RQ1. Can we improve predictive performance with oversampling and ensemble approach?
In our approach, we have used a hybrid model with ADASYN oversampling and a stacked ensemble. It gives a significant performance with respect to various performance measures such as AUC, F1 score, sensitivity, and specificity balancing with ADASYN, and improving the model performance with 3-level stacking will significantly improve in the overall performance of the model.
RQ2. Extended stacking approach(Multi-level) is better in prediction than the basic stacking approach?
In the basic stacking approach base models and one meta-model are. Plenty of research has already been done. In stacking choosing the best configuration of base models as well as meta-models is very crucial otherwise the model will degrade the performance of the individual classifier. The extended stacking approach will always improve performance than basic stacking unless the best configuration and hyperparameters of the classifiers are. RQ 3. Does the final Meta-model parameter.
optimization make any improvement in overall performance?
In 3-level stacking, final meta-model selection and parameter optimization are very important. Many parameter optimization techniques are there but meta-heuristic optimization such as PSO will optimize efficient way.
RQ 4. How does the proposed model have more significance than other base-level models?
we can evaluate our proposed model performance with the statistical analysis we have done in the statistically paired T-test majority of the classifiers on various datasets significantly differ with p-value (<0.05) with a 95% confidence level.
Carefully choosing base classifiers and parameter optimization with evolutionary algorithms will significantly improve stacking model performance. Large datasets will take a lot of computation time so we need high-power computing resources to deal with multilevel stacking.
Oversampling sample techniques may reduce performance due to noise while generating synthetic data we can be cautious about borderline samples to improve the predictive model performance.
Conclusion
In order to improve the disease diagnosis performance, a three level stacking framework is proposed in this paper.
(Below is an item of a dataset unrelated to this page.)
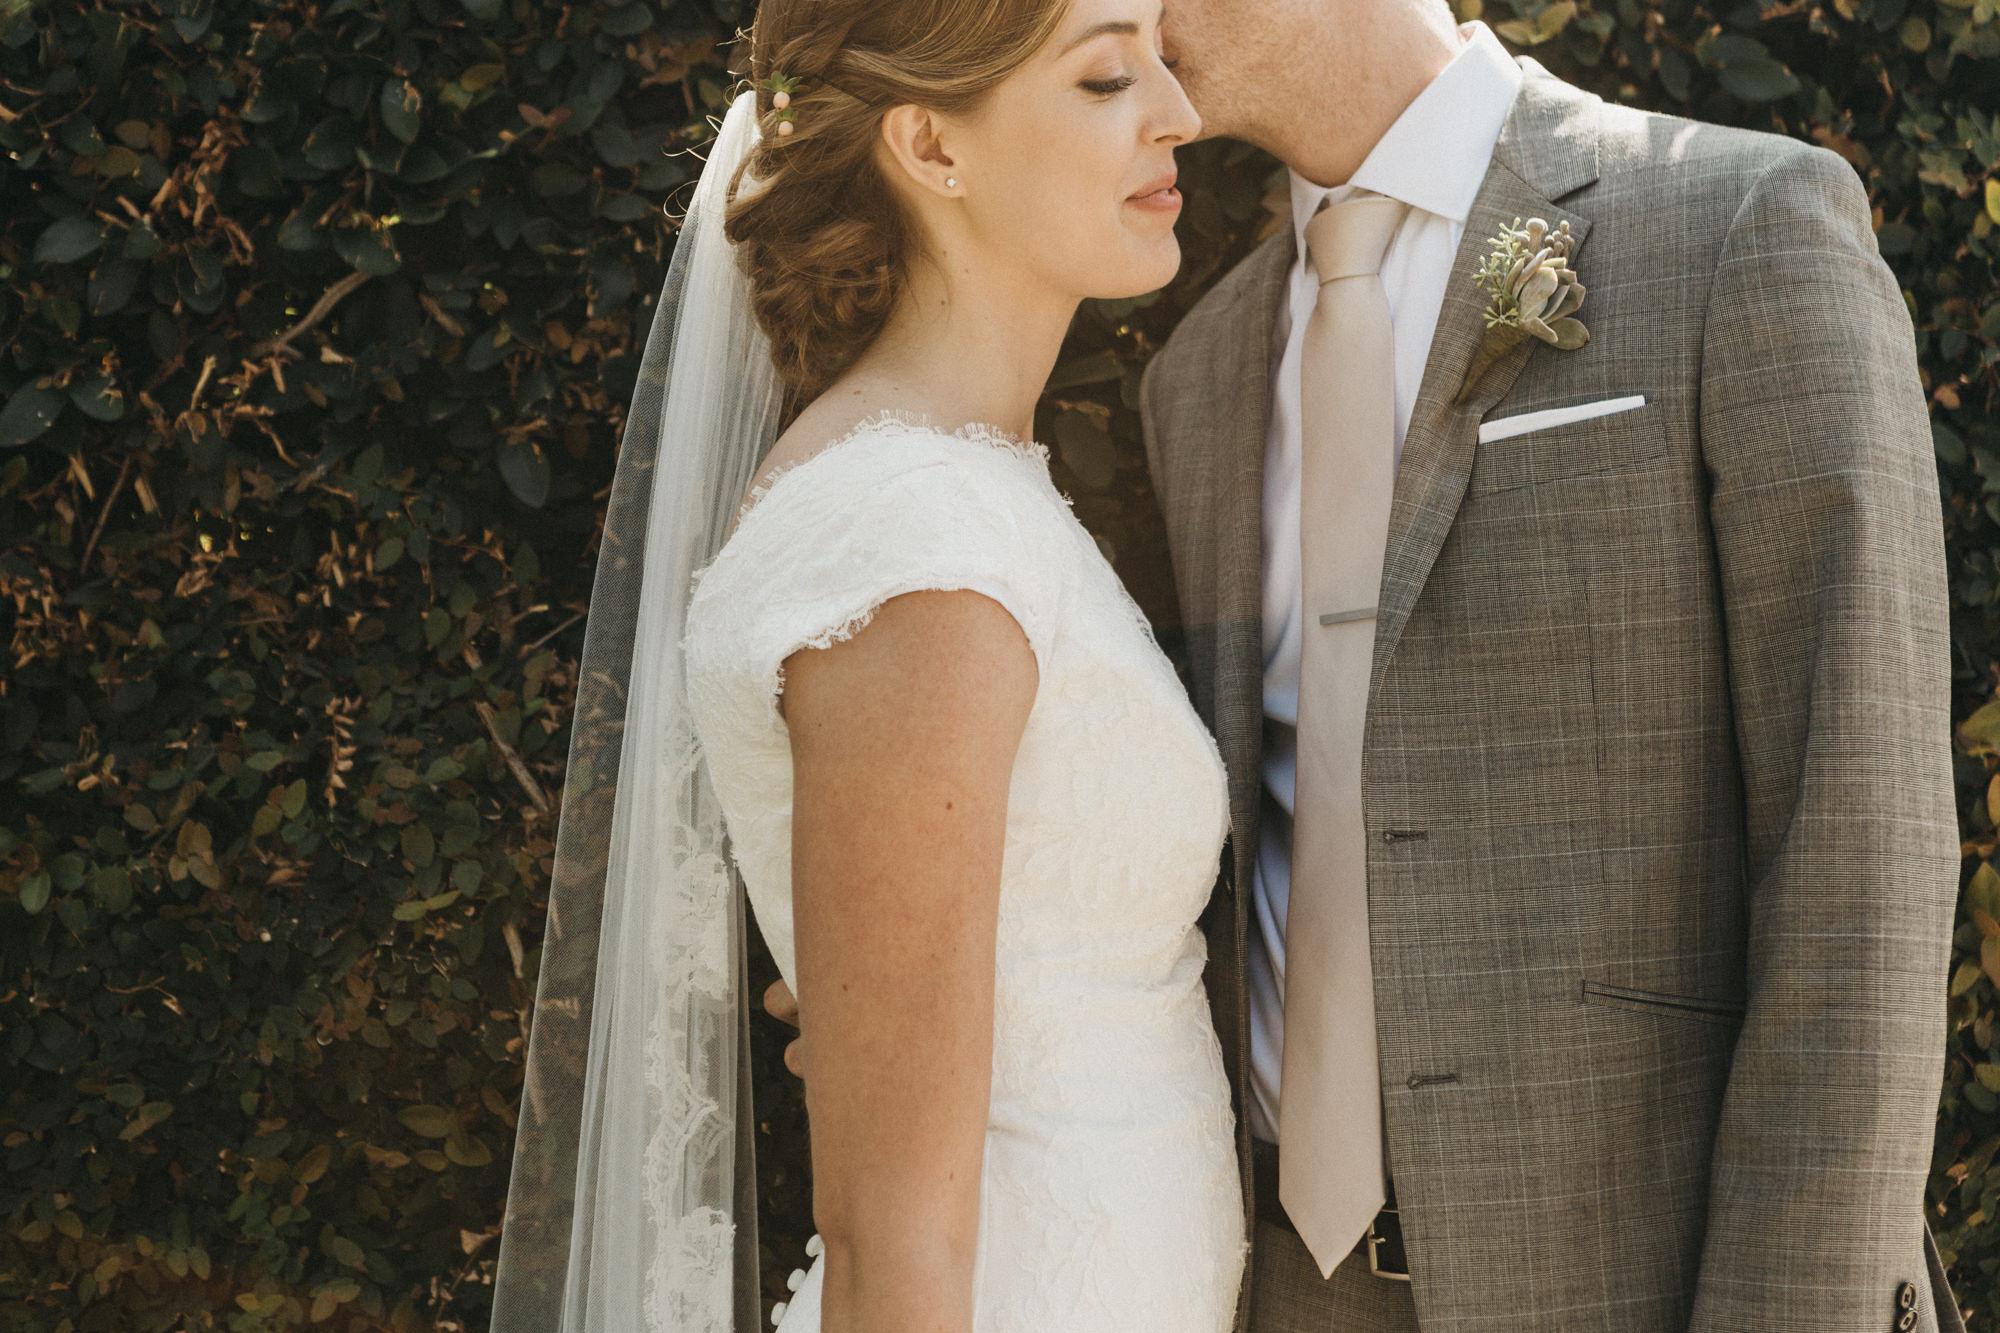 los_angeles_mormon_temple_wedding-8.jpg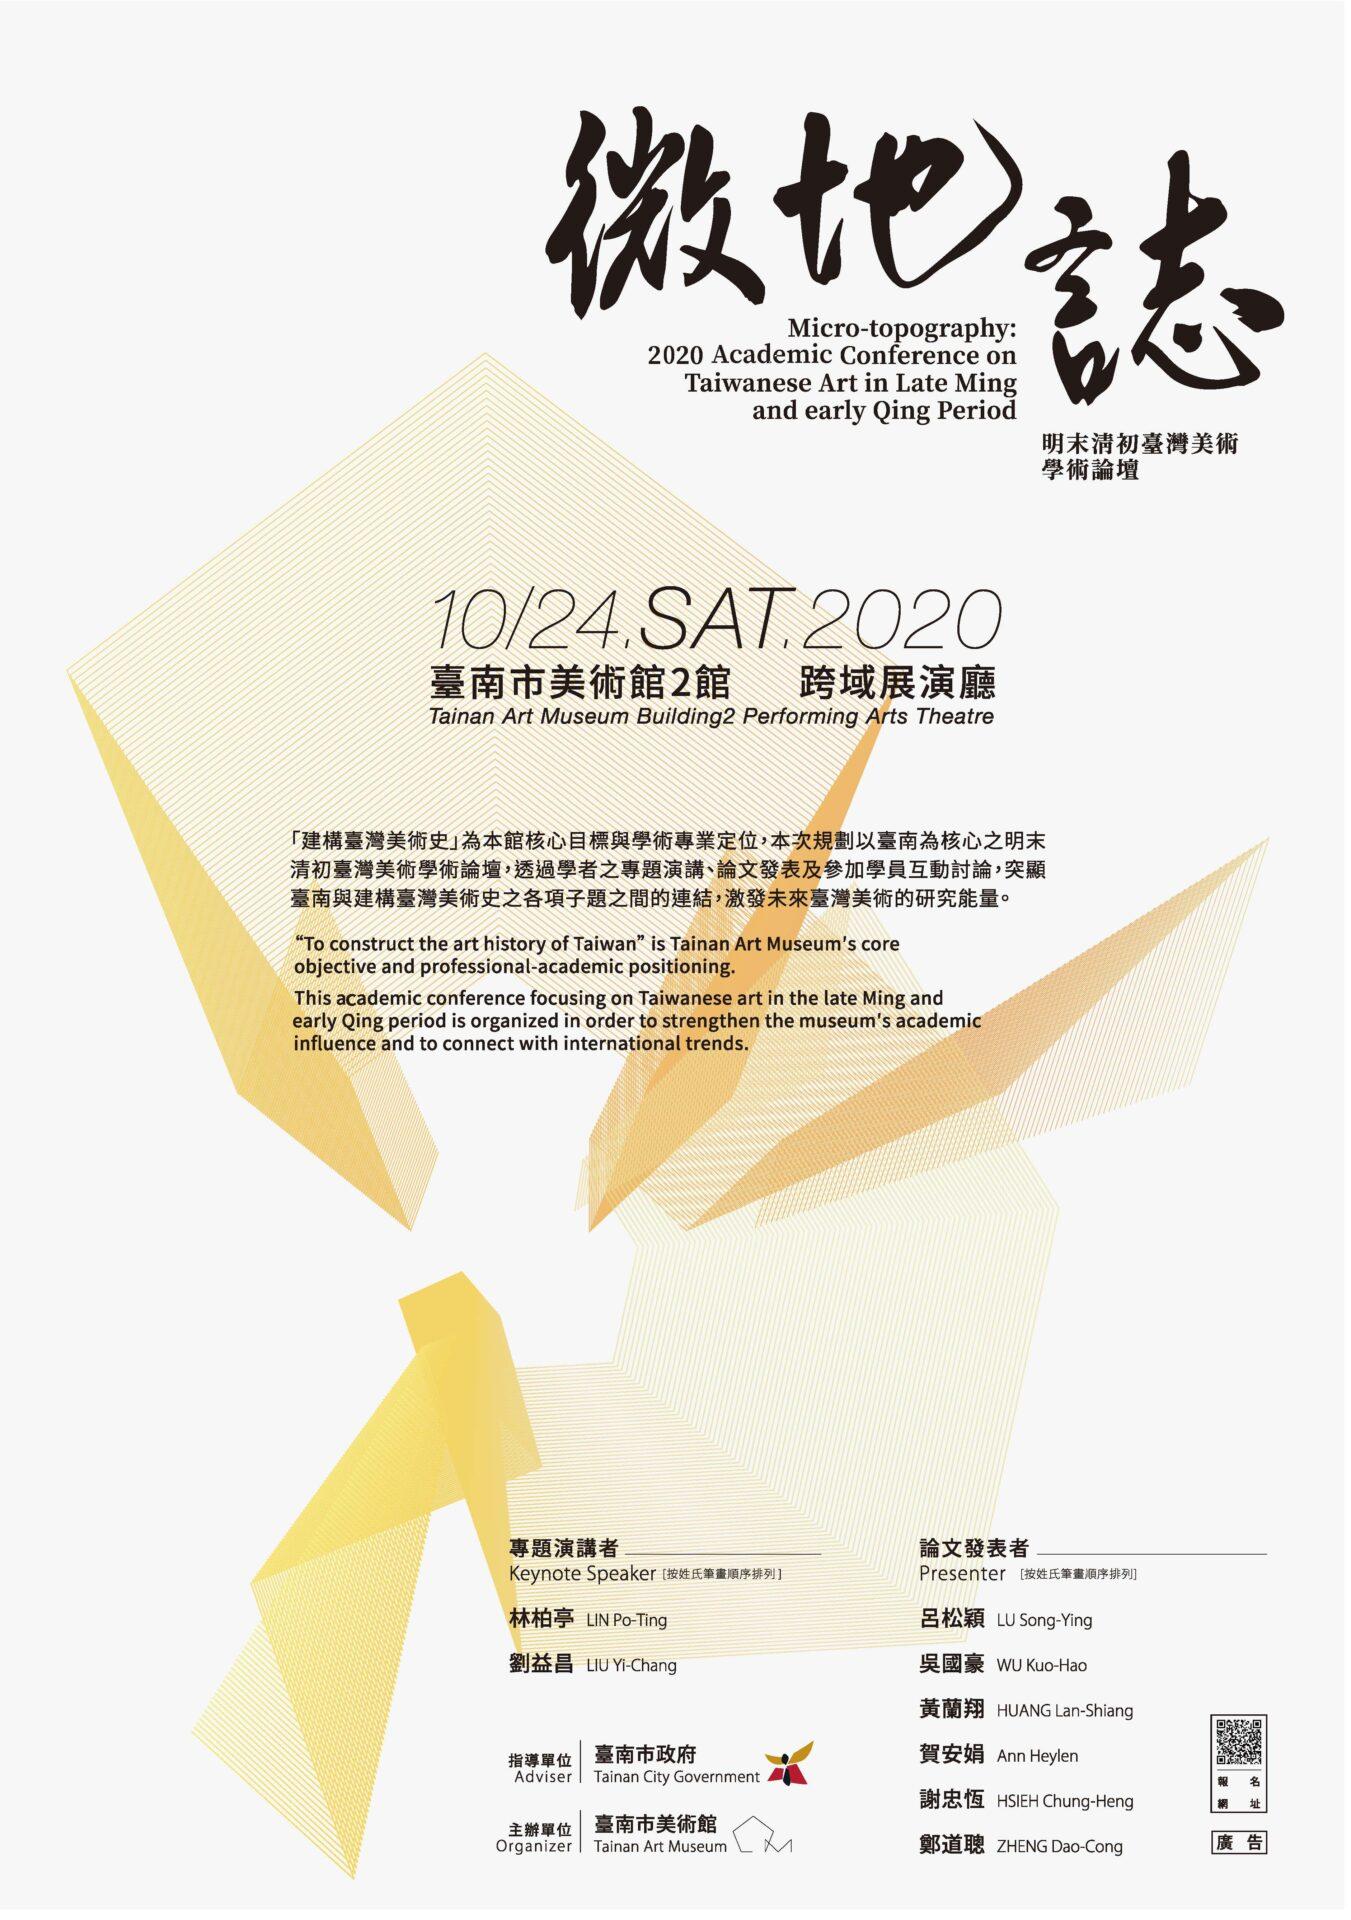 臺南市美術館:2020/10/24【微地誌─2020明末清初臺灣美術學術論壇】

The proposed model is feeded with pre-processed dataset. During pre-processing step IQR was used for outlier removal and ADASYN for class imbalance. This pre-processed dataset is used to train the proposed 3-level stacking framework. In this stacking framework, level 0 learners (LR, KNN, SVM, DT, KNN, and MLP) and level 1 learners (Bagged DT, KNN, and LR) are optimized using grid search. The level 2 learner i.e., SVM is optimized with PSO. For better optimization process a novel fitness function is proposed. The proposed model experimented on PID, SHD, CHD, CKD, and WBC datasets. The proposed model is compared with different combinations of base laerners and outperformed in terms of all the performance measures. Further, the proposed model is compared with SOTA ensemble and non-ensemble methods in terms of accuracy, AUC, specificity, and precision and it outperformed all the models in terms of AUC and accuracy on all the datasets. Finally, to prove the robustness of proposed model a paired statistical t-test is performed. The statistical test proved that proposed model significantly differs from all the base-level models.